Но это действие не было частью мудрости Соломона; это было частью его глупости — я почти сказал, его невинности. Толстой, мы чувствуем, не удовлетворился бы метанием сатиры и обличений в адрес «Соломона во всей славе его». С яростной и неопровержимой логикой он пошел бы на шаг дальше. Он проводил бы дни и ночи на лугах, срывая бесстыдные багряные венцы с полевых лилий.

Новый сборник «Рассказов Толстого», переведенный и отредактированный мистером Р. Нисбетом Бейном, призван привлечь особое внимание к этой этической и аскетической стороне творчества Толстого. В одном смысле, и притом самом глубоком, творчество Толстого — это, конечно, подлинный и благородный призыв к простоте. Узкое представление о том, что художник не должен учить, к настоящему времени уже довольно хорошо развенчано. Но правда в том, что художник учит гораздо больше своим простым фоном и атрибутами, своим пейзажем, костюмом, идиомой и техникой — всей той частью своей работы, короче говоря, о которой он, вероятно, совершенно не подозревает, — чем сложными и напыщенными моральными сентенциями, которые он наивно воображает своими мнениями. Реальное различие между этикой высокого искусства и этикой искусственного и дидактического искусства заключается в простом факте: у плохой басни есть мораль, в то время как хорошая басня сама является моралью. И настоящая мораль Толстого постоянно проявляется в этих рассказах, та великая мораль, которая лежит в сердце всего его творчества, о которой он, вероятно, не подозревает и которую, весьма вероятно, он бы яростно отверг. Странный холодный белый утренний свет, который сияет над всеми рассказами, фольклорная простота, с которой о «мужчине или женщине» говорят без дальнейшей идентификации, любовь — можно почти сказать, похоть — к качествам грубых материалов, твердости дерева и мягкости грязи, укоренившаяся вера в некую древнюю доброту, сидящую рядом с самой колыбелью человеческого рода, — эти влияния поистине моральны. Когда мы ставим рядом с ними трубный и раздирающий вздор дидактического Толстого, кричащего о непристойной чистоте, вопящего о бесчеловечном мире, разрубающего человеческую жизнь на мелкие грехи топором, насмехающегося над мужчинами, женщинами и детьми из уважения к человечеству, объединяющего в одном хаосе противоречий немужественного пуританина и нецивилизованного педанта, тогда, действительно, мы едва ли знаем, куда исчез Толстой. Мы не знаем, что делать с этим маленьким и шумным моралистом, который обитает в одном уголке великого и доброго человека.

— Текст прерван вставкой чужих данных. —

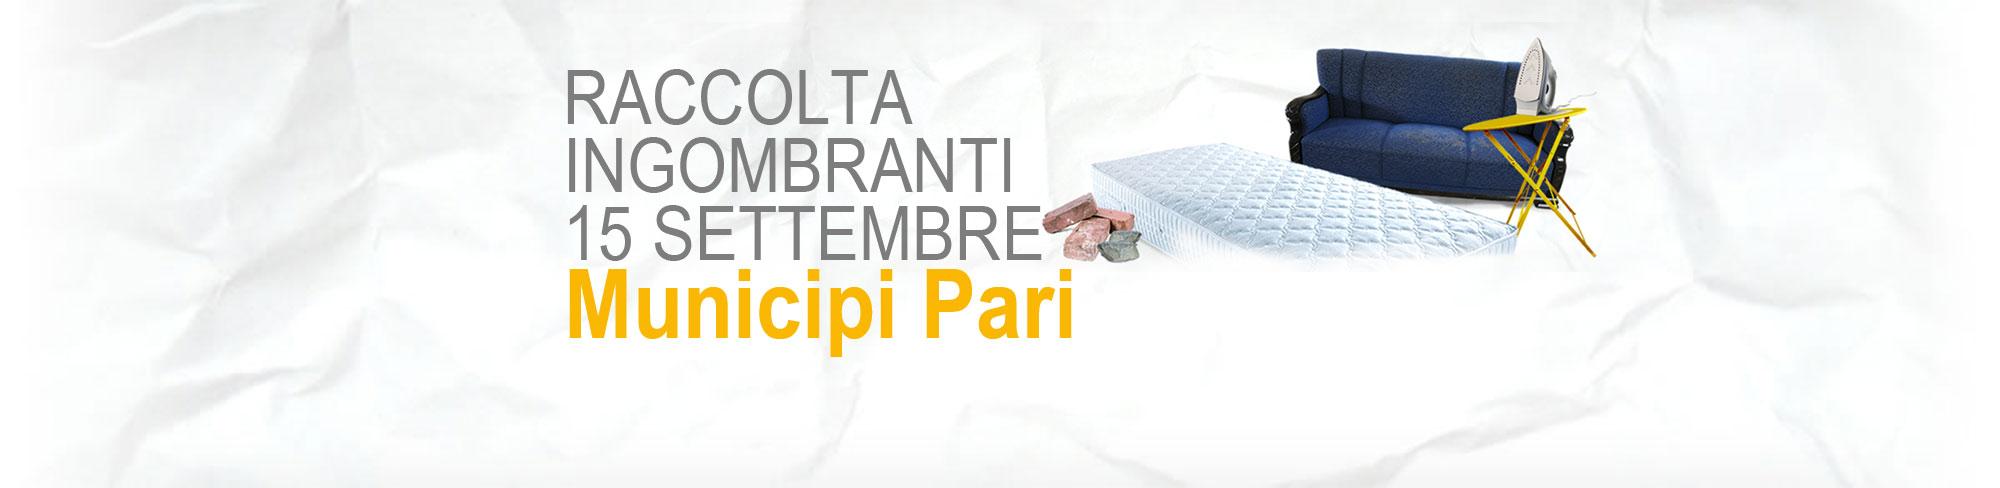 Raccolta Rifiuti Ingombranti Roma Calendario 2020 Municipi Dispari.Raccolta Differenziata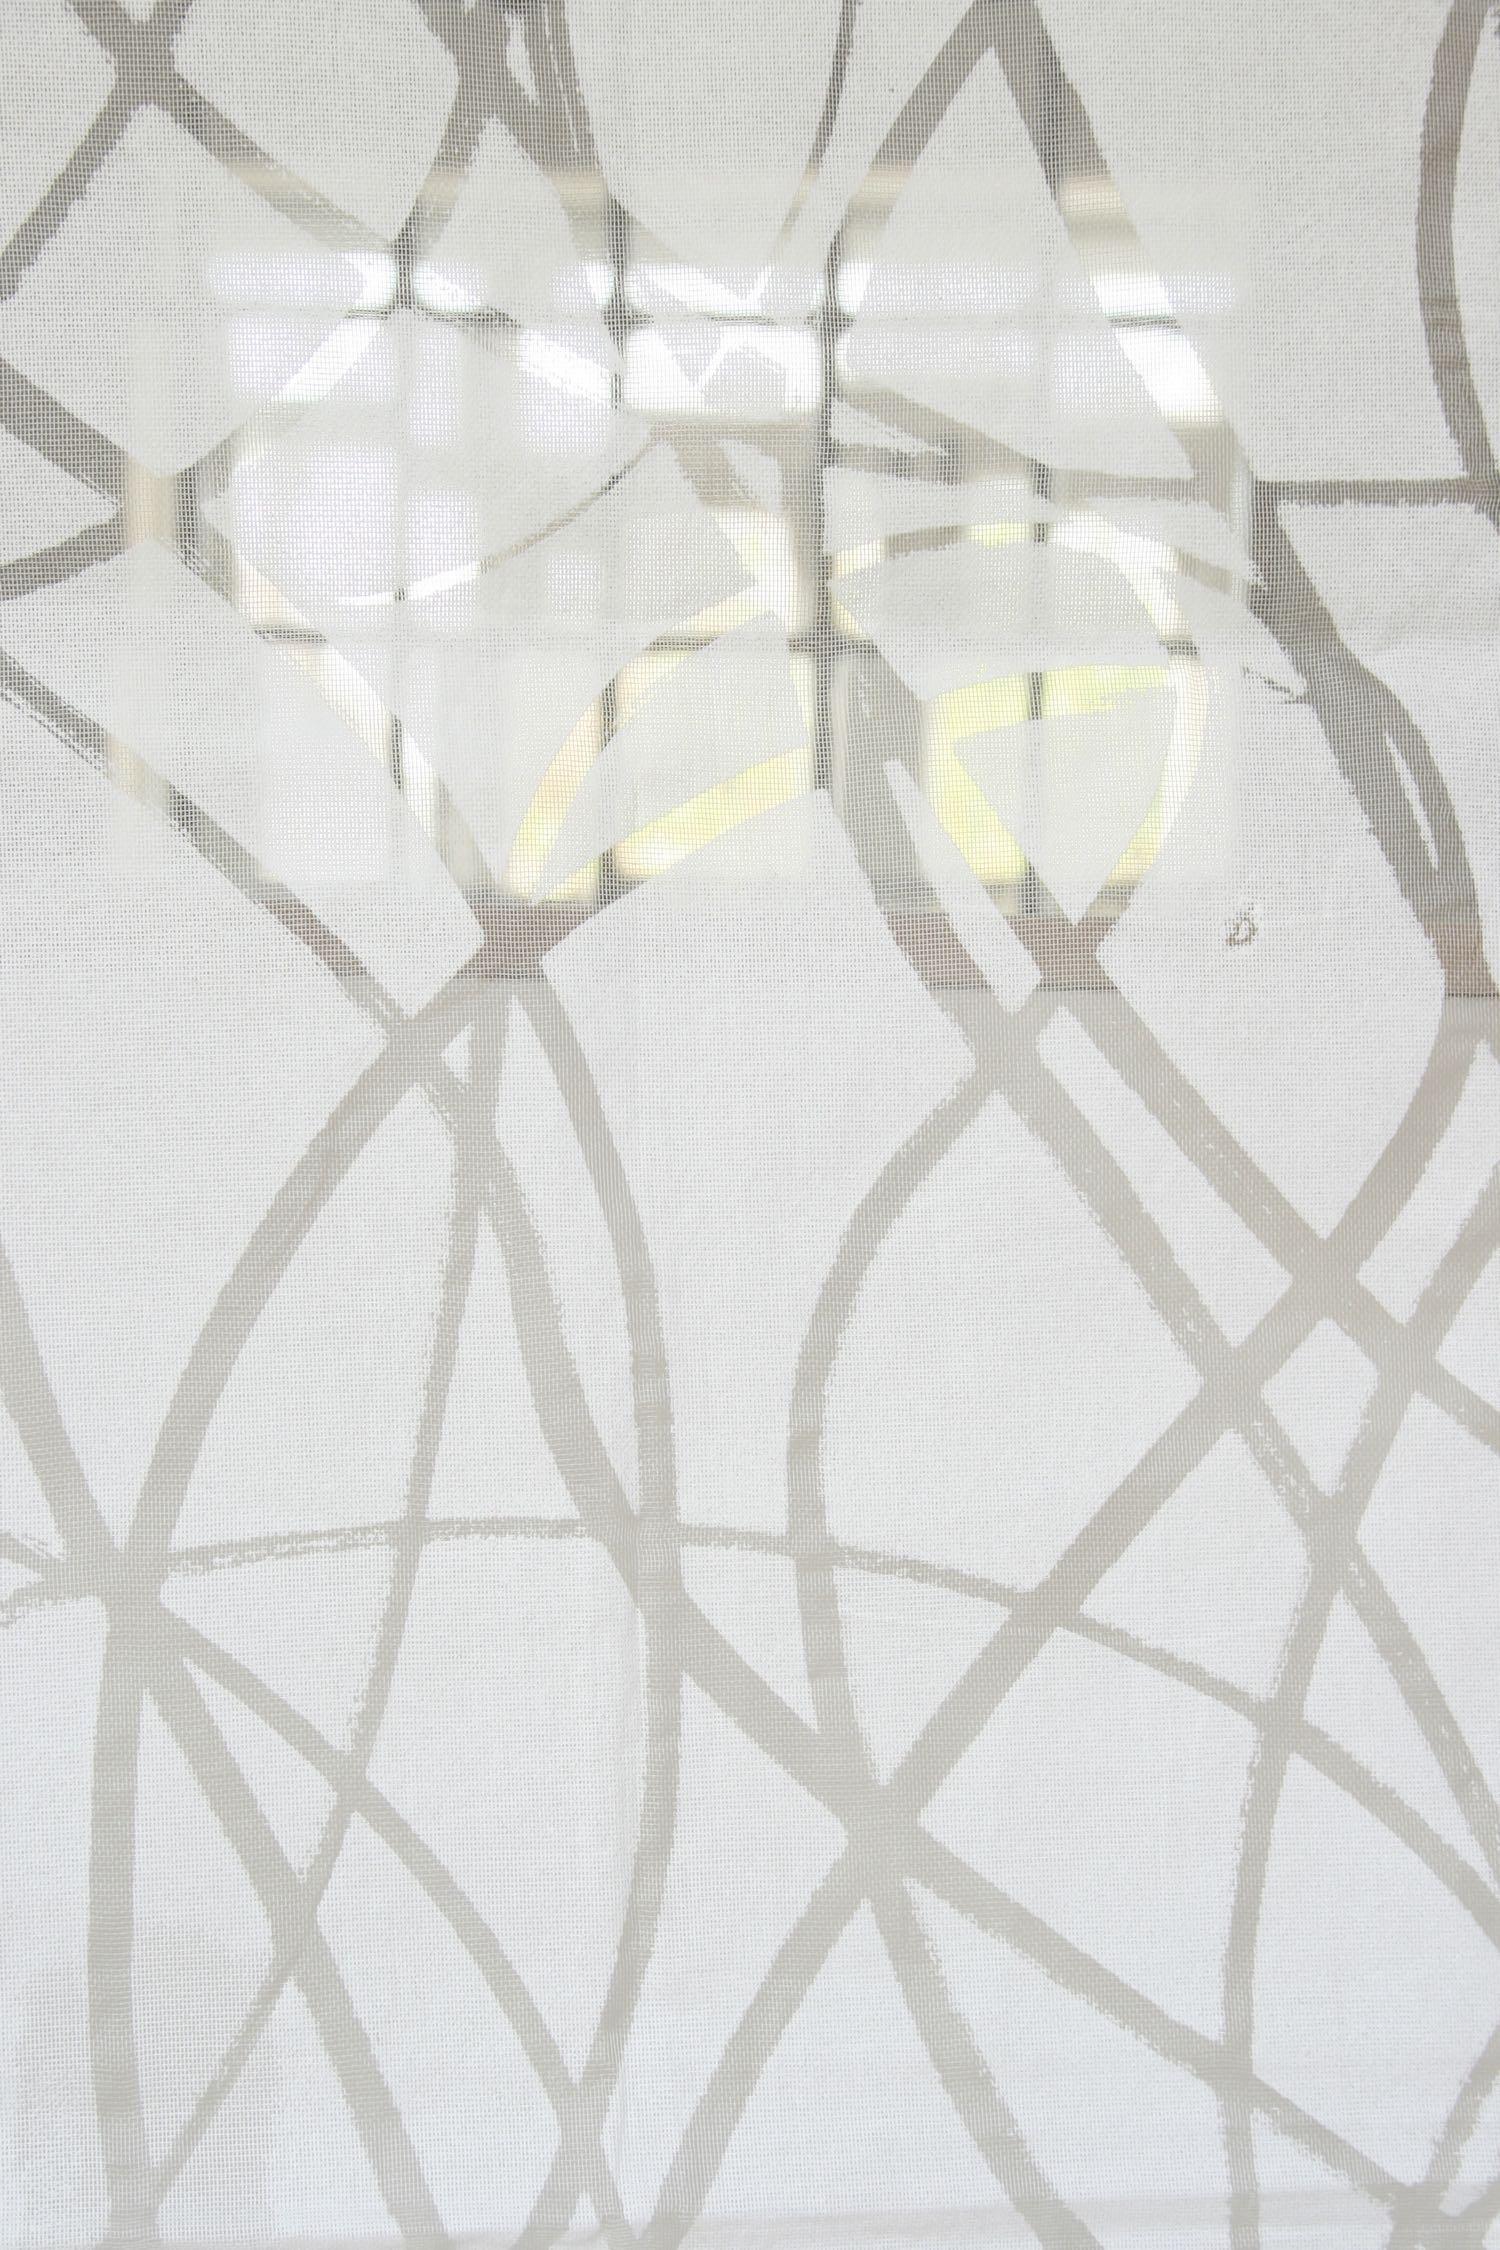 Entwine   Hand screen printed, silk gauze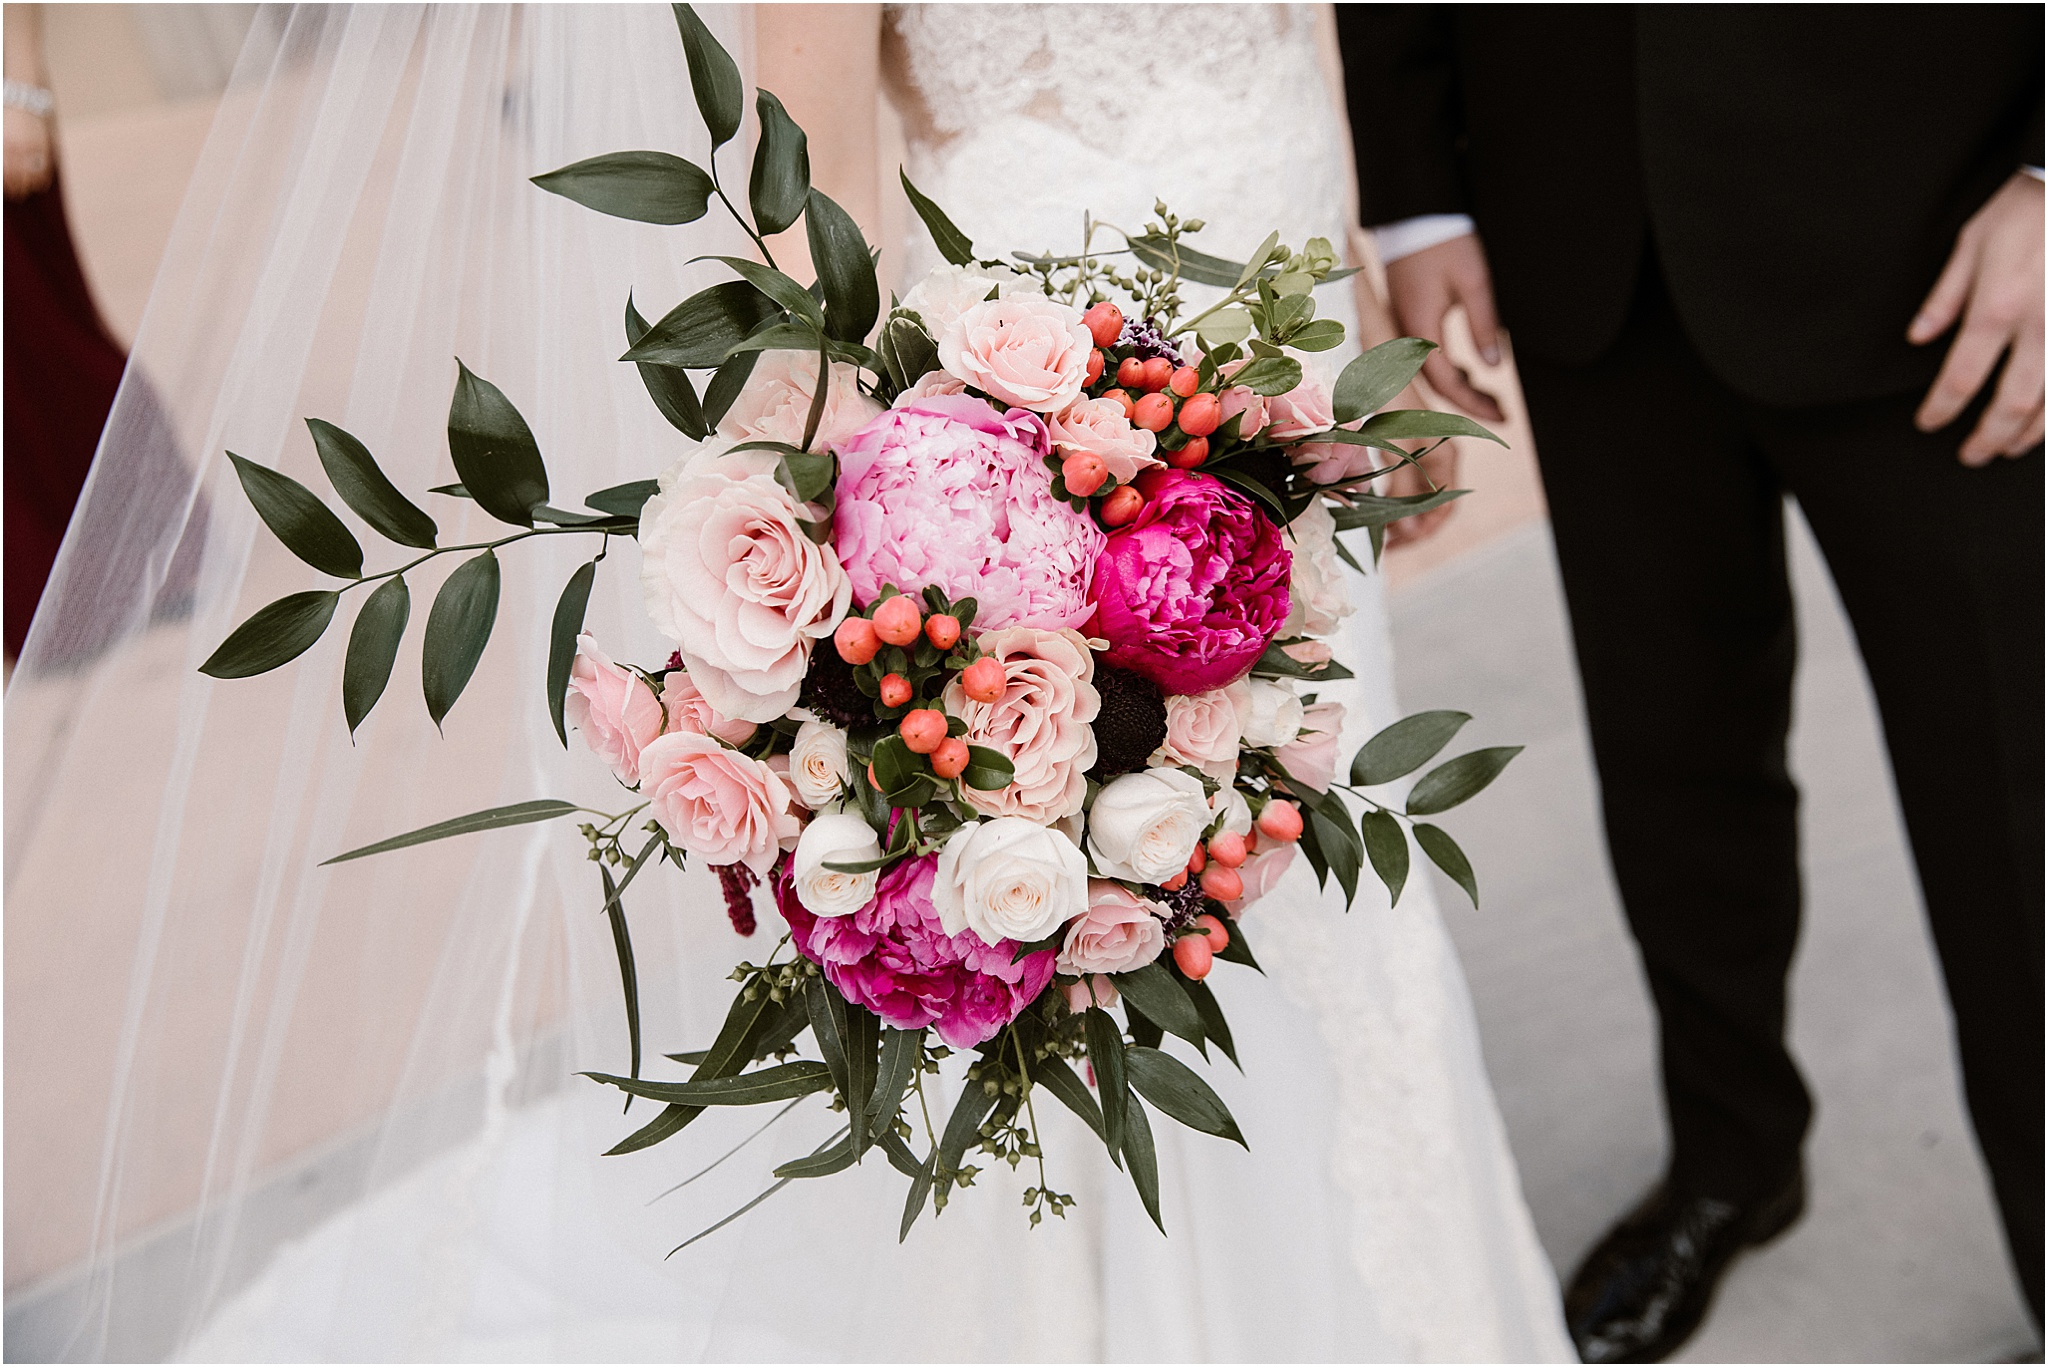 JENNA_JEROME_BLUE ROSE PHOTOGRAPHY_ABQ WEDDING_25

Во всех случаях трудно примирить Толстого — великого художника с Толстым — почти ядовитым реформатором. Трудно поверить, что человек, который рисует такими благородными очертаниями достоинство повседневной жизни человечества, считает злом тот божественный акт деторождения, которым это достоинство обновляется из века в век. Трудно поверить, что человек, который с такой пугающей честностью изобразил душераздирающую пустоту жизни бедняков, может действительно жалеть для них каждое из их жалких удовольствий, от ухаживания до табака. Трудно поверить, что поэт в прозе, который так мощно показал земную природу человека, сущностное родство человеческого существа с пейзажем, в котором он живет, может отрицать такую элементарную добродетель, как та, что привязывает человека к его собственным предкам и его собственной земле. Трудно поверить, что человек, который так остро чувствует отвратительную наглость угнетения, не уложил бы на самом деле, если бы представился случай, угнетателя на лопатки своим кулаком. Все, однако, проистекает из поиска ложной простоты, стремления быть, если можно так выразиться, более естественным, чем естественно быть. Было бы не только более человечно, но и более смиренно с нашей стороны довольствоваться тем, чтобы быть сложными. Истинное родство с человечеством заключалось бы в том, чтобы делать то, что человечество делало всегда, принимая со спортивным азартом то состояние, к которому мы призваны, звезду нашего счастья и судьбу земли нашего рождения.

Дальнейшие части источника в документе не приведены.